British architect and archaeologist

George Horsfield (1882–1956) was a British architect and archaeologist. He was Chief Inspector of Antiquities in Transjordan in 1928–36. Horsfield began the initial clearance and conservation of Jerash in 1925, and excavated at Petra with his future wife, Agnes Conway in 1929.

== Personal life ==
George Horsfield was born in Meanwood, Leeds, Yorkshire, England on 19 April 1882 to Richard Horsfield and his wife Sarah. He attended Leeds Grammar School and moved to London to train in architecture in the office of noted Gothic architect George Frederick Bodley.

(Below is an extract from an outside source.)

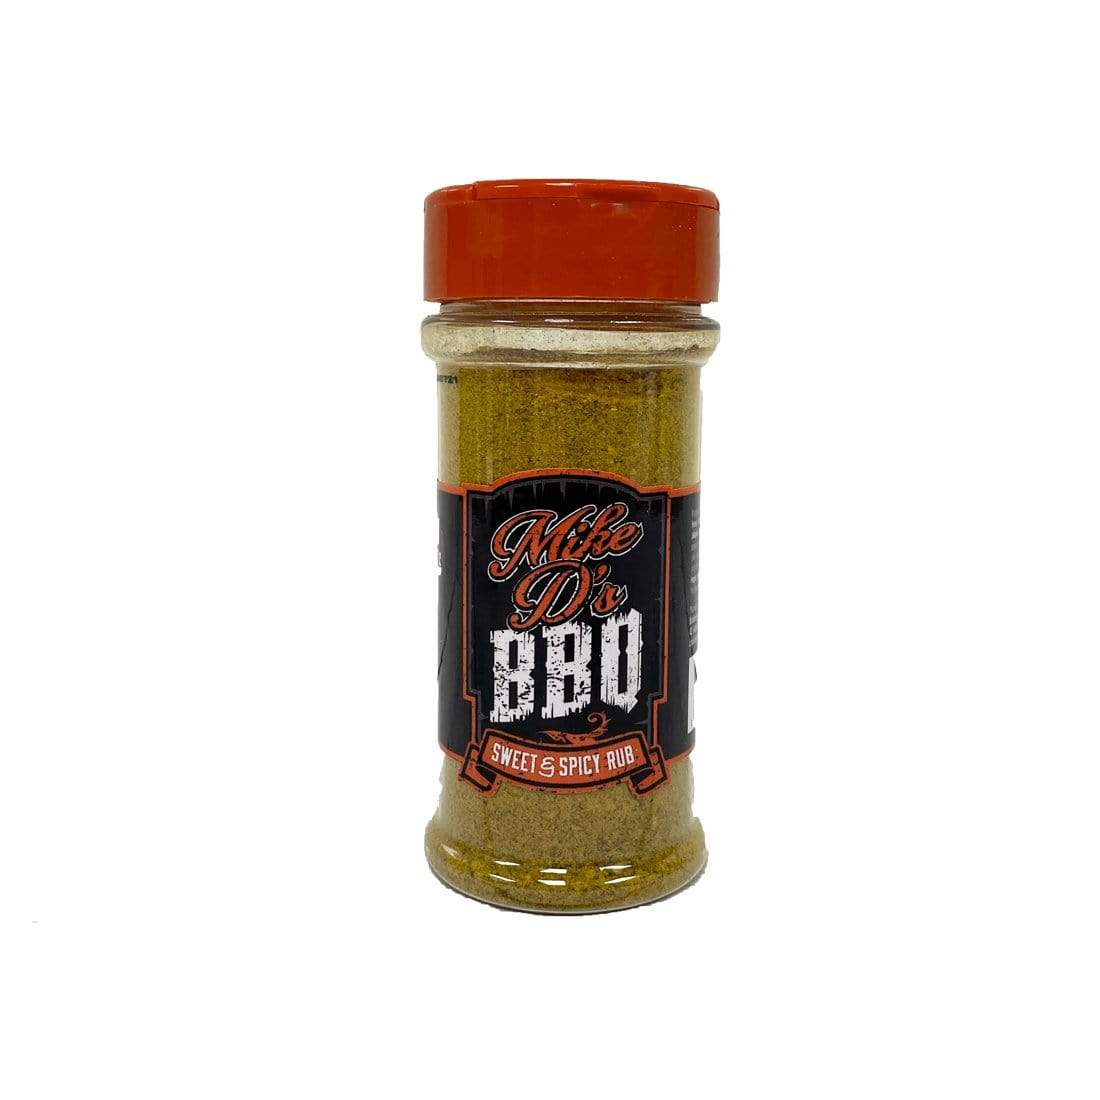 Mike D's BBQ Mike D's Sweet & Spicy Rub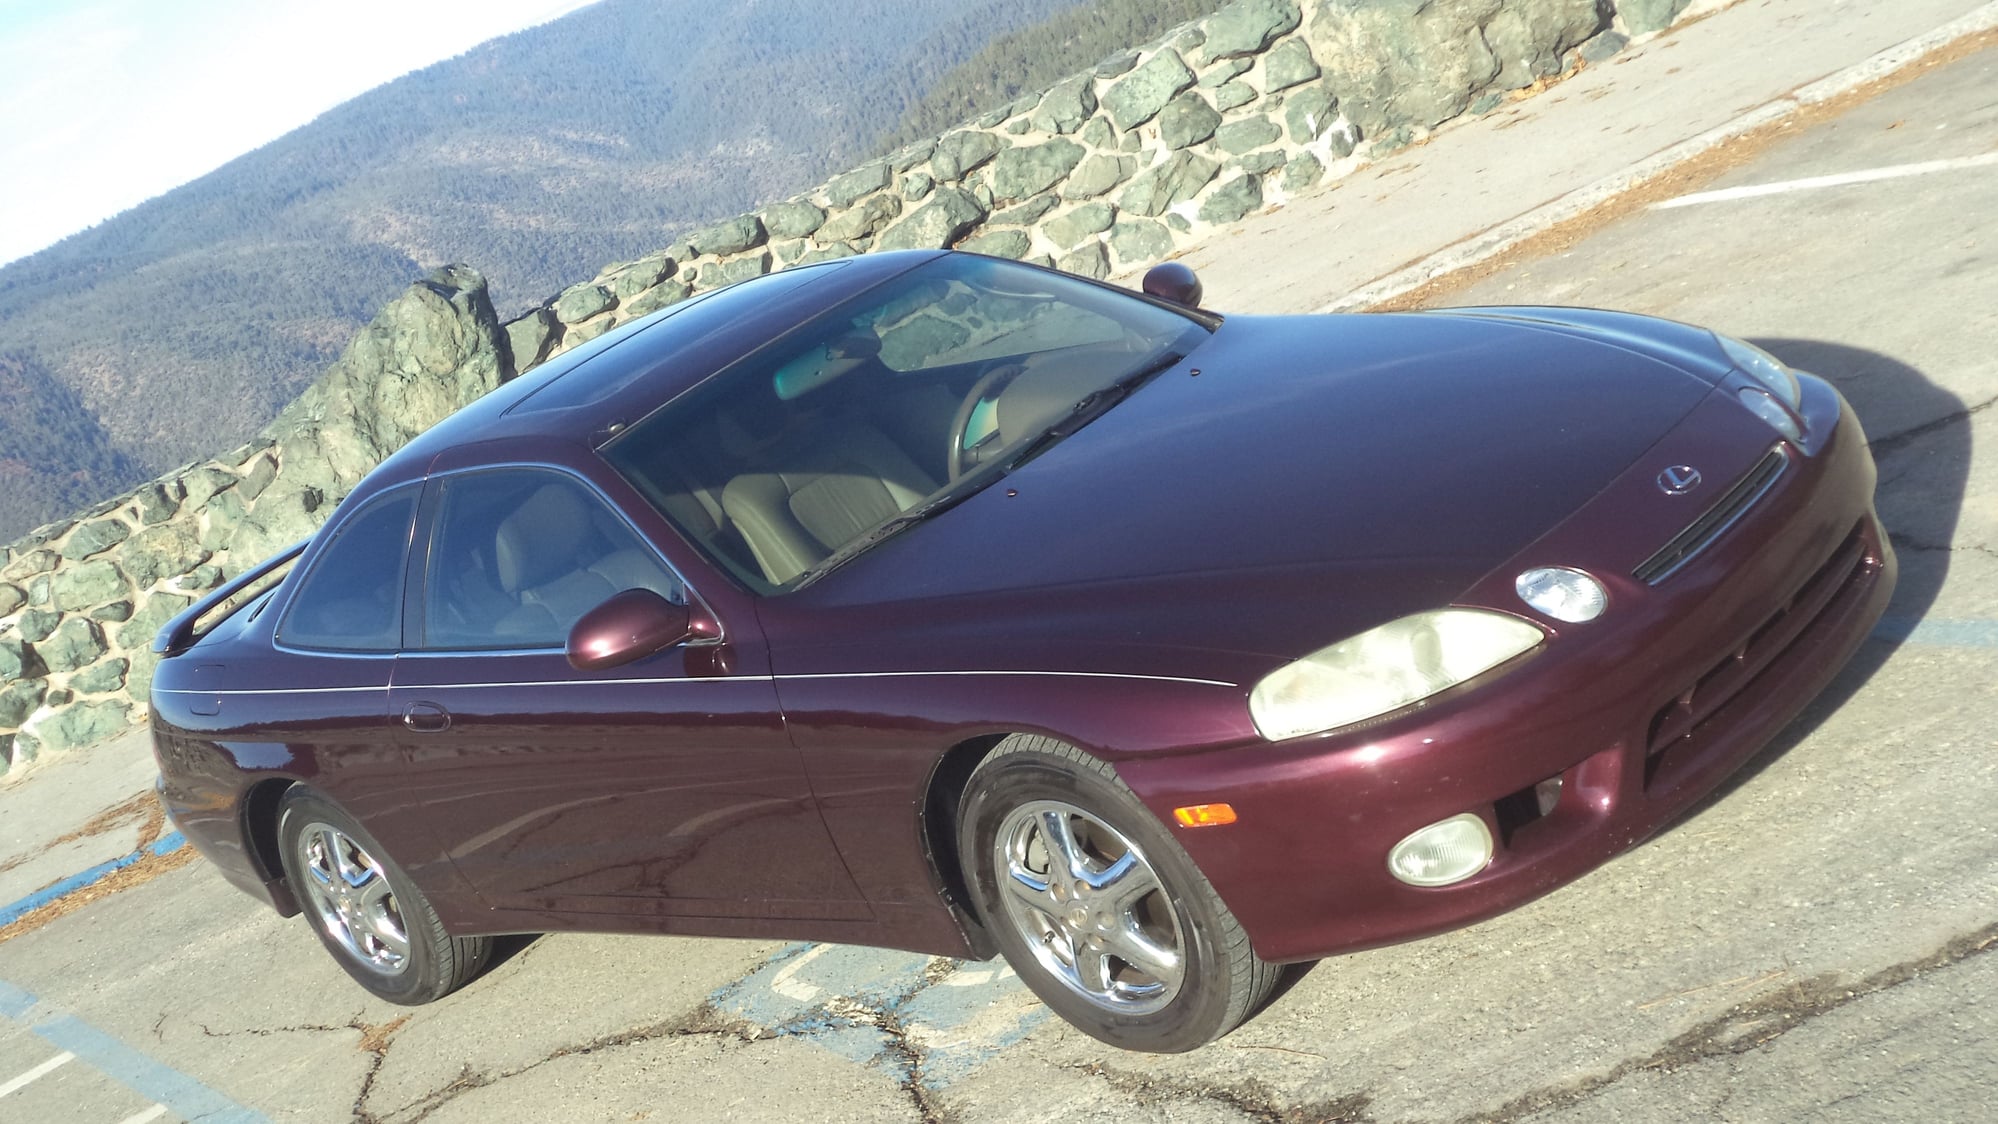 1998 Lexus SC400 - 1 of Only 3200 Porduced with VVTI 300Hp with 5spd Auto Meticulously maintained - Used - VIN JT8CH32Y8W1000744 - 216,000 Miles - 8 cyl - 2WD - Automatic - Coupe - Other - Sacramento, CA 95959, United States

Horsfield then moved to the United States to work for the architectural firm Cram, Goodhue & Ferguson.

Horsfield returned to the UK in 1914 at the outbreak of war and volunteered for service in the Royal Naval Brigade. He saw action in the Gallipoli campaign in 1915, after which he was commissioned into the 7th West Yorkshire Regiment and took part in the Battle of the Somme in 1916. After contracting trench fever he was posted to India in 1918, attached to the Royal Engineers, and became the Chief Architect for Military Works, Rawalpindi, and Simla.

In 1923, Horsfield became a student at the recently established British School of Archaeology in Jerusalem. Its first Director, John Garstang, valued Horsfield's architectural background.

==Bibliography==
- Thornton, A. 2009. George Horsfield, Conservation and the British School of Archaeology in Jerusalem. Antiquity Project Gallery.
- Wilson, E. 1906. Leeds Grammar School Admission Books, Vol. 14. Thoresby Society Publications.
- Who Was Who, 1951–1960. Horsfield, George. London: A. C. Black, p. 544.
- Evans, J. 1966. The Conways: A History of Three Generations. London: Museum Press.